Removed: Judge system schema validation

  • output_schema parameter in judge functions
  • Schema validation prompts in judge system
  • Schema extraction in evaluation functions

Technical Flow (Corrected)

End-to-End Process:

  1. Dataset Loading: JSON datasets include output_schema field in task definitions
  2. Task Creation: Task class loads and stores the schema as an attribute
  3. Controller Creation: Schema is converted to Pydantic model and passed to Controller
  4. Controller Setup: Controller creates custom done action with structured output enforcement
  5. Agent Execution: Agent uses controller with structured done action
  6. Output Generation: Agent calls structured done action, returns JSON in extracted_content
  7. Judge Evaluation: Judge evaluates final JSON output for quality and correctness

Key Features

Backward Compatibility

  • Tasks without output_schema continue to work with standard done action
  • No breaking changes to existing functionality

Proper Separation of Concerns

  • Controller handles output structure enforcement
  • Agent focuses on task execution
  • Judge evaluates final output quality

Leverages Existing Patterns

  • Uses established Controller output_model pattern
  • Follows existing examples in codebase
  • Maintains consistency with browser-use architecture

Implementation Status

Completed Components:

  • Task class enhancement
  • Controller structured output handling (already exists)
  • Judge system evaluation (no changes needed)

🔄 Required Components:

  • Modify create_controller function to accept output_schema
  • Update run_agent_with_browser to pass schema to controller
  • Implement JSON schema to Pydantic model conversion utility

Removed Incorrect Components:

  • Agent-level output_schema handling: Removed output_schema parameter from Agent constructor and AgentSettings
  • Judge system schema validation: Removed output_schema parameters from judge functions and schema validation prompts
  • Schema injection in LLM prompts: Removed schema instruction injection in get_next_action method

Correctly Implemented Components:

  • Task class enhancement: output_schema field properly added to Task class in eval/service.py
  • Controller structured output handling: Already exists in Controller class via output_model parameter
  • Judge system evaluation: Correctly evaluates final structured response without needing schema

🔄 Required Implementation:

The correct implementation requires:

  1. Convert JSON Schema to Pydantic Model: Create utility function to dynamically generate Pydantic models from JSON schemas
  2. Update create_controller function: Accept output_schema parameter and convert to Pydantic model for Controller
  3. Update run_agent_with_browser: Extract schema from task and pass to controller creation

Implementation Plan:

# 1. Add schema conversion utility
def create_pydantic_model_from_schema(schema: dict) -> type[BaseModel]:
    """Convert JSON schema to Pydantic model dynamically"""
    # Implementation needed

# 2. Update create_controller function  
def create_controller(use_serp: bool = False, output_schema: dict | None = None):
    if output_schema:
        output_model = create_pydantic_model_from_schema(output_schema)
        controller = Controller(output_model=output_model)
    else:
        controller = Controller()
    
    if use_serp:
        add_serp_search_to_controller(controller)
    return controller

# 3. Update run_agent_with_browser
async def run_agent_with_browser(...):
    output_schema = getattr(task, 'output_schema', None)
    controller = create_controller(use_serp=use_serp, output_schema=output_schema)
    agent = Agent(task=task.confirmed_task, llm=llm, controller=controller, ...)

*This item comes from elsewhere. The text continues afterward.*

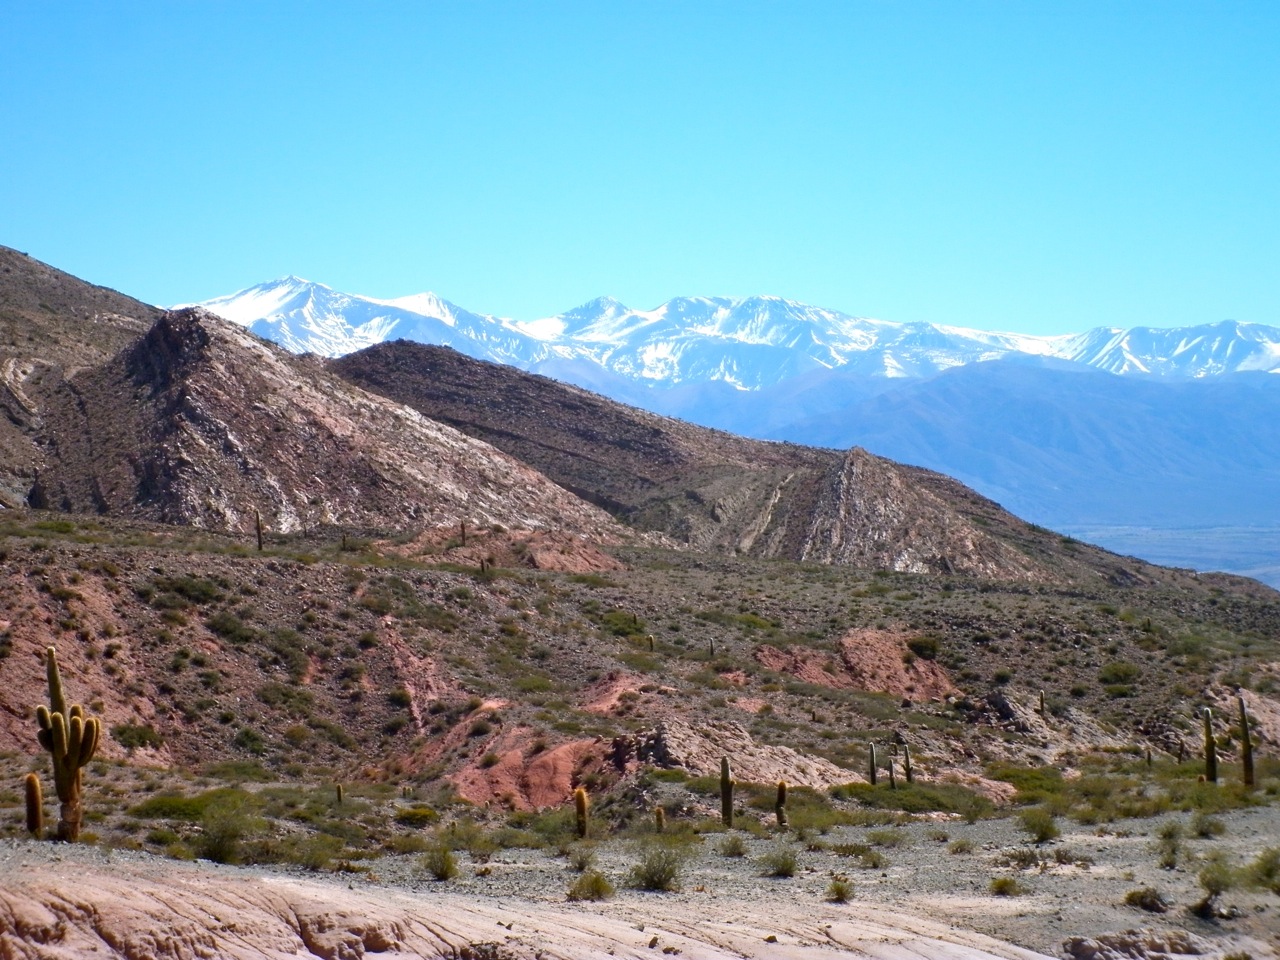 Salta, Argentina Nice View In Photos | Travel And Tourism

The main remaining work is implementing the JSON schema to Pydantic model conversion utility, which is the core technical challenge for this feature.

Conclusion

The structured output functionality should leverage the existing Controller output_model pattern rather than implementing custom schema handling in the Agent or Judge systems. This approach is cleaner, follows established patterns, and maintains proper separation of concerns. The main work required is converting JSON schemas to Pydantic models and updating the controller creation flow.